L’analyse monétaire la plus récente de Morgan Stanley peint un tableau complexe pour l’année à venir, avec le dollar américain confronté à une période de pression soutenue avant une éventuelle reprise. Selon les stratégistes de la banque d’investissement, la dynamique des devises de financement va subir une transformation radicale, avec des actifs traditionnellement refuges comme le franc suisse (CHF), l’euro (EUR) et le yen japonais (JPY) redistribuant leurs positions à travers deux régimes de marché distincts.
La première moitié : le dollar s’affaiblit face à l’assouplissement de la Fed
La première phase de 2026 devrait voir l’indice du dollar américain (DXY) chuter d’environ 5 % pour atteindre le niveau 94 d’ici la mi-année. Cette dépréciation découle du « régime baissier du USD » plus large que Morgan Stanley prévoit de perdurer durant la première moitié de l’année. Le principal catalyseur de cette faiblesse réside dans la trajectoire de politique monétaire attendue de la Réserve fédérale — trois autres baisses de taux sont projetées avant la mi-2026, reflétant un virage vers une politique monétaire accommodante en pleine faiblesse du marché du travail.
Le mécanisme derrière la dépréciation du dollar est simple : à mesure que les taux d’intérêt américains convergent vers les niveaux internationaux, l’attrait des actifs libellés en dollars diminue. La position dovish persistante de la Fed, même si les tendances inflationnistes restent influencées par des facteurs saisonniers, devrait maintenir une pression à la baisse sur le dollar sur une période prolongée. Pendant cette phase baissière, le dollar conserve paradoxalement son utilité en tant que devise de financement malgré des coûts de portage élevés, en raison principalement de sa stabilité et de ses caractéristiques de liquidité.

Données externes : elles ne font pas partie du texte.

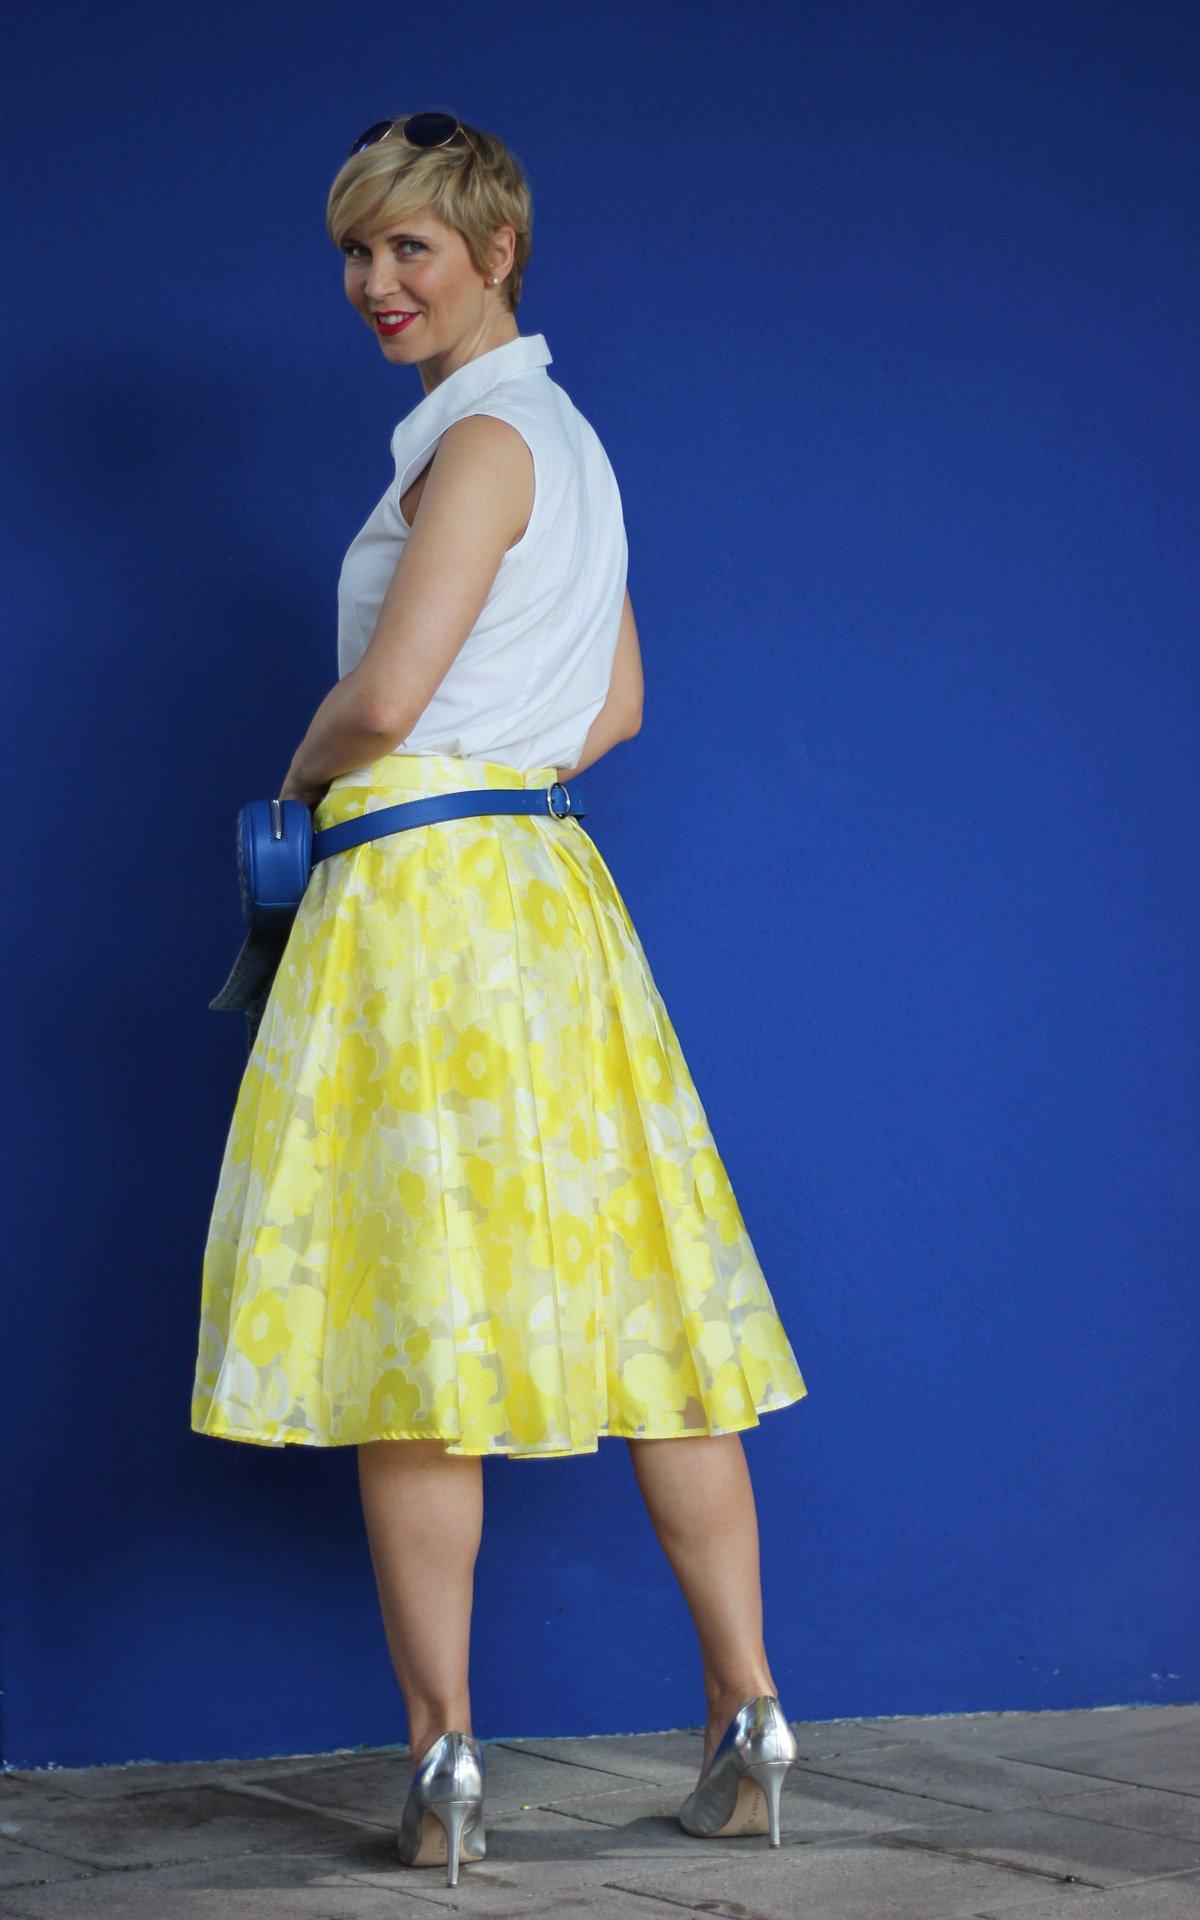 conny-doll-lifestyle: Sommerrock, Hosentaschen, ärmellose Bluse, Jeansjacke, Pumps

Le tournant : changement structurel au second semestre 2026
Morgan Stanley prévoit une inflexion significative à mesure que 2026 avance dans la seconde moitié. Le cycle de baisse des taux de la Fed devrait se conclure, coïncidant avec un renforcement de la dynamique de croissance économique américaine. Cette conjoncture prépare le terrain pour une remontée des taux d’intérêt réels américains, modifiant fondamentalement le paysage du marché des devises. Plutôt qu’une simple reprise du dollar, Morgan Stanley envisage une transition vers un « régime de carry » — un environnement de marché où les échanges de devises croisées et les différentiels de rendement relatif dominent les flux de trading.
Sous ce régime émergent, les devises à risque gagnent du terrain alors que les investisseurs recherchent des rendements plus élevés, tandis que les devises de financement subissent une faiblesse systématique. Paradoxalement, le dollar lui-même se retrouve dans une position vulnérable en tant que devise de financement, malgré son statut historique de valeur refuge. Ce réalignement crée des opportunités sur les paires de devises, en particulier en faveur des contreparties européennes.
L’avantage européen : le CHF émerge comme choix privilégié de financement
Au fur et à mesure que le régime de carry se développe, Morgan Stanley identifie les devises européennes — notamment le franc suisse — comme étant positionnées pour surperformer dans la seconde moitié de 2026. Le CHF devrait évoluer pour devenir la devise de financement privilégiée, reléguant le dollar de son rôle traditionnel. L’euro et le yen japonais bénéficient également de cette rotation structurelle, bien que la force relative du franc dans un environnement de carry le rende particulièrement attractif pour les traders sophistiqués et les investisseurs institutionnels recherchant des options de financement à moindre coût.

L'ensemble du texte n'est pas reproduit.